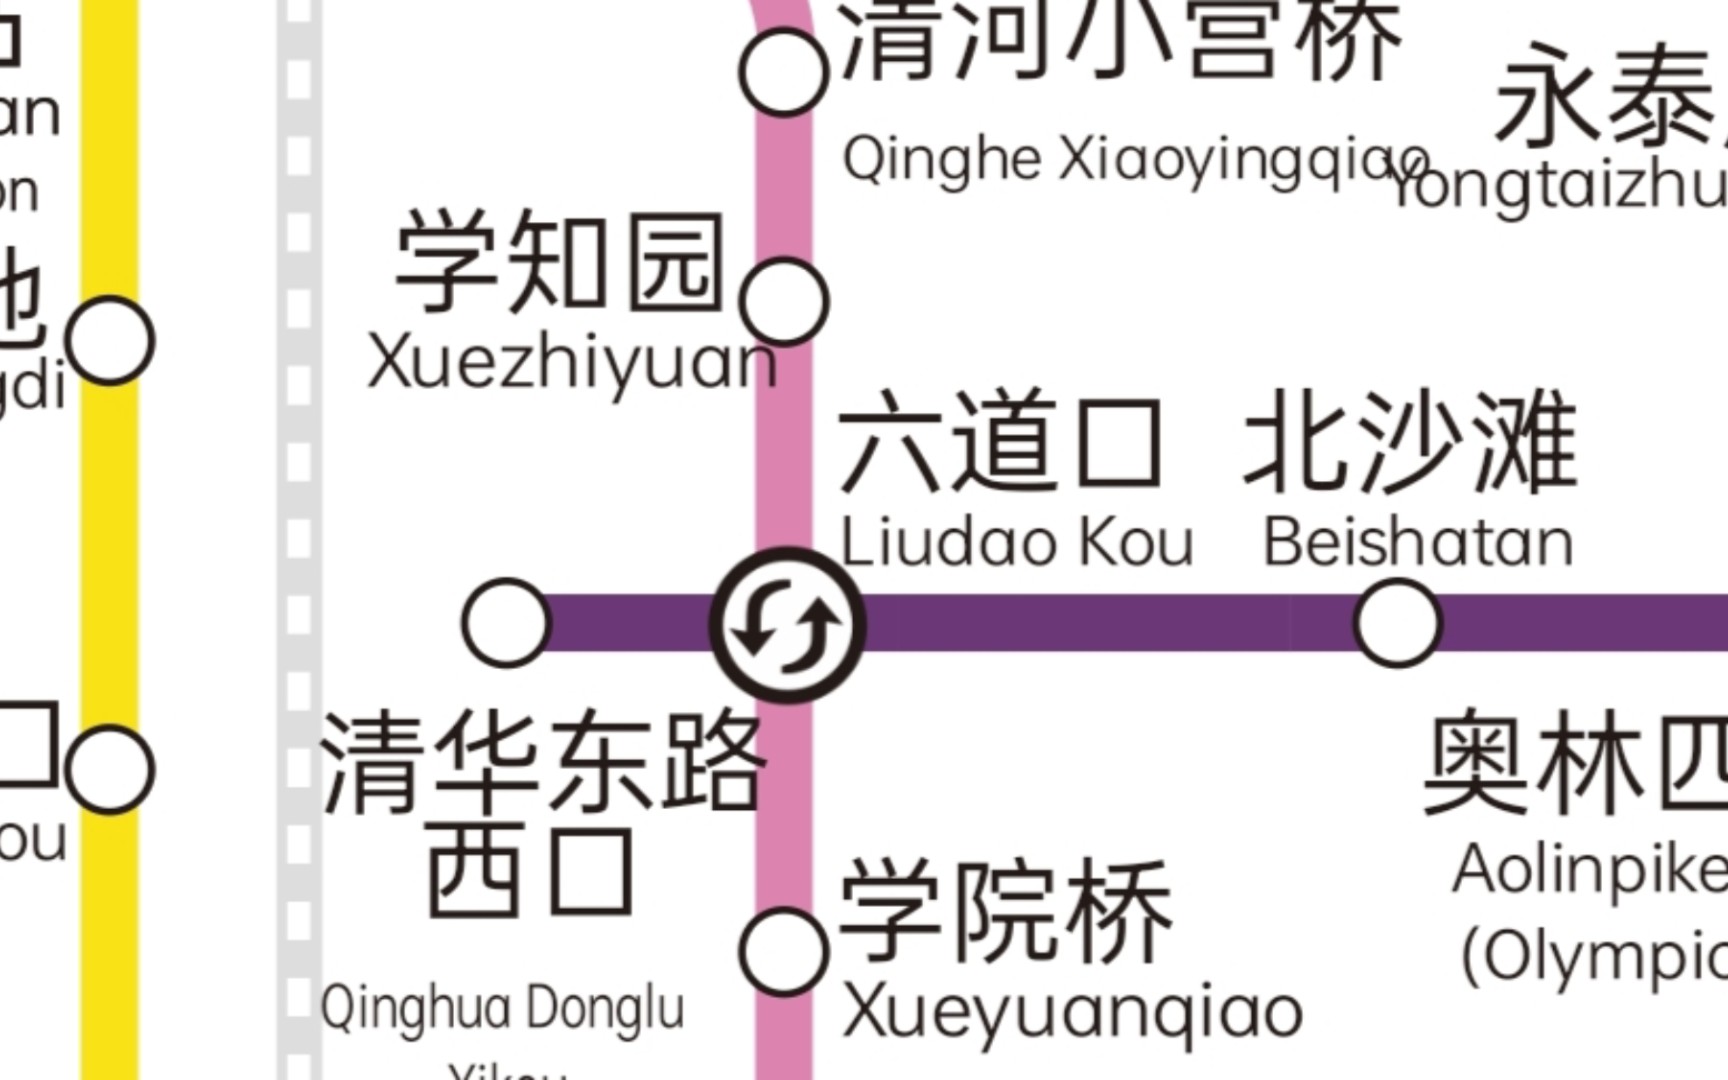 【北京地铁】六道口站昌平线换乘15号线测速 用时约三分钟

------------------------------------

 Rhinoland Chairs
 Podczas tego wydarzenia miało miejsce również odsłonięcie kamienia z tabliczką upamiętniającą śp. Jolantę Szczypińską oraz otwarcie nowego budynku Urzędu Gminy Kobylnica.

------------------------------------

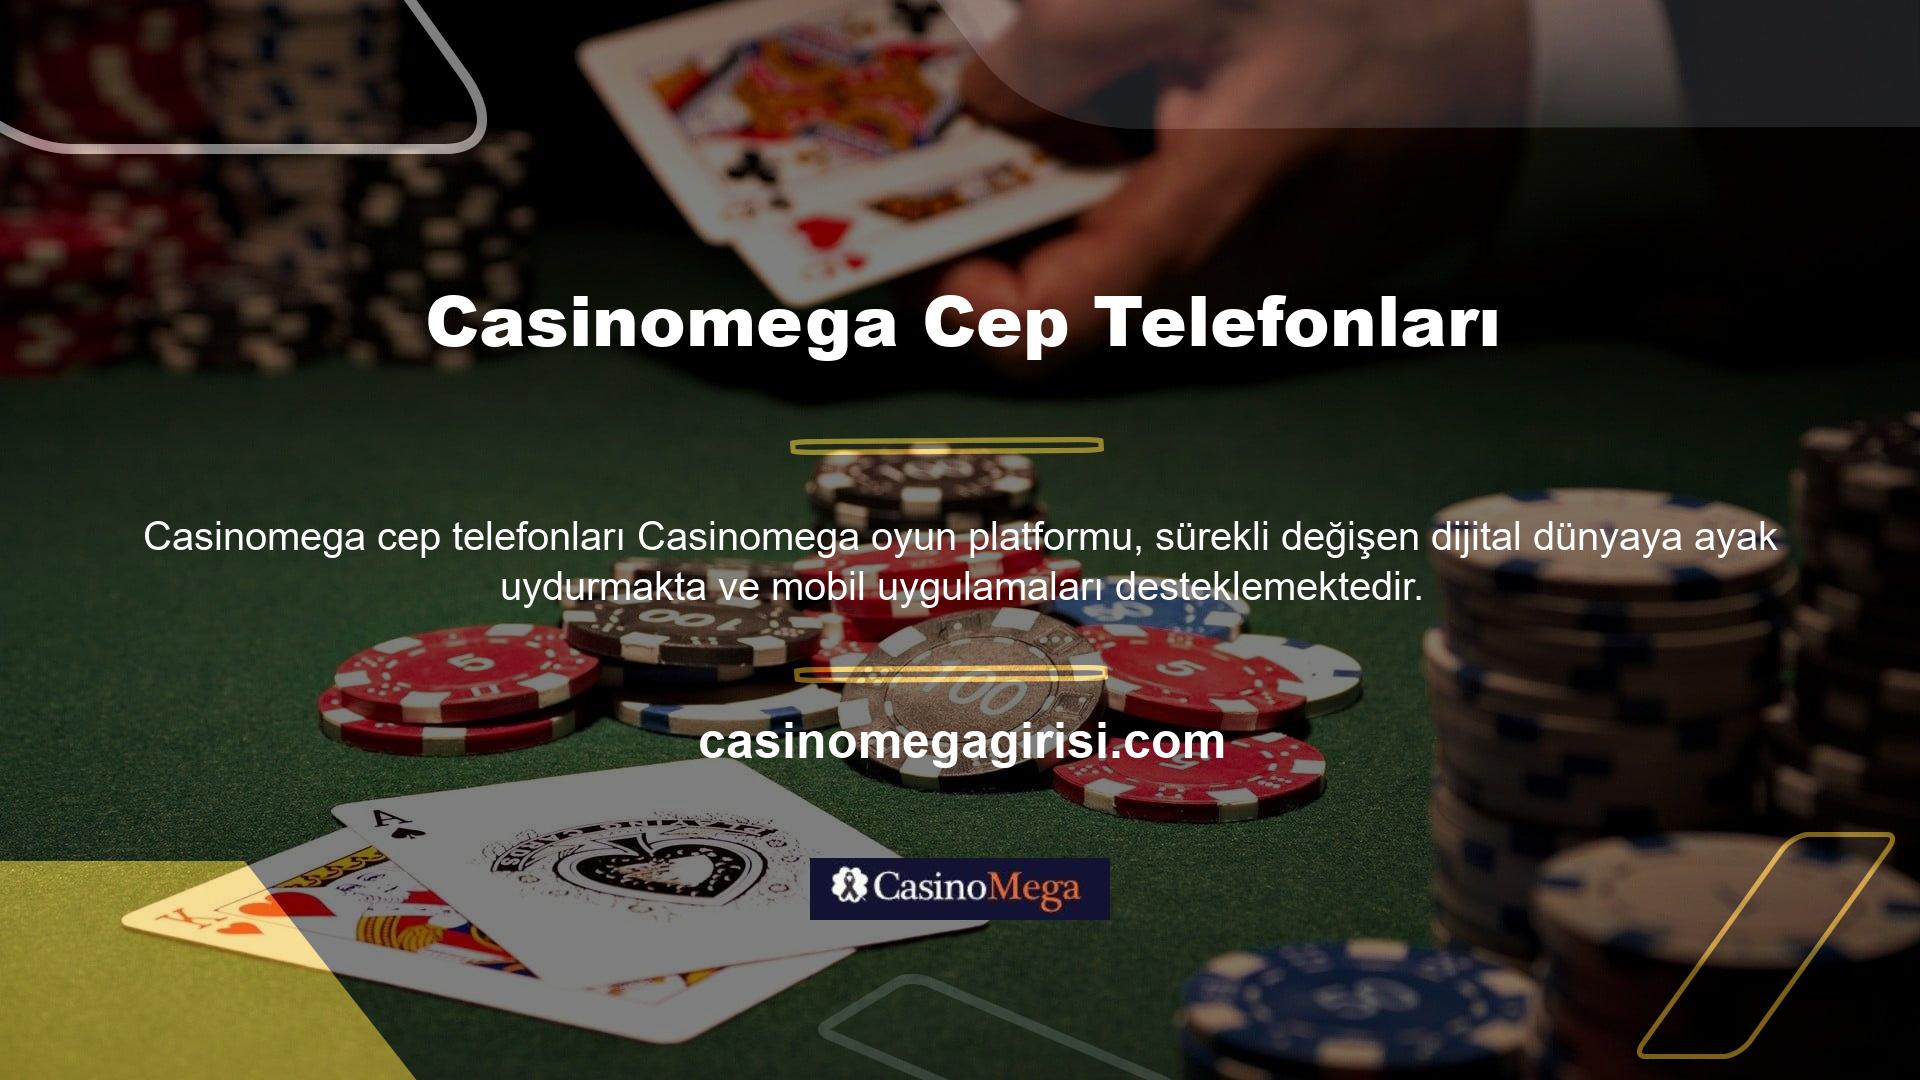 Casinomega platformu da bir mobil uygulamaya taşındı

------------------------------------

_ABOUT THIS TASK_:
Please, from the entries above, set down exactly the lines from the one containing "Rhinoland Chairs" through the one containing "Podczas tego wydarzenia", and only those.

_COMPLETED TASK_:
 Rhinoland Chairs
 Podczas tego wydarzenia miało miejsce również odsłonięcie kamienia z tabliczką upamiętniającą śp. Jolantę Szczypińską oraz otwarcie nowego budynku Urzędu Gminy Kobylnica.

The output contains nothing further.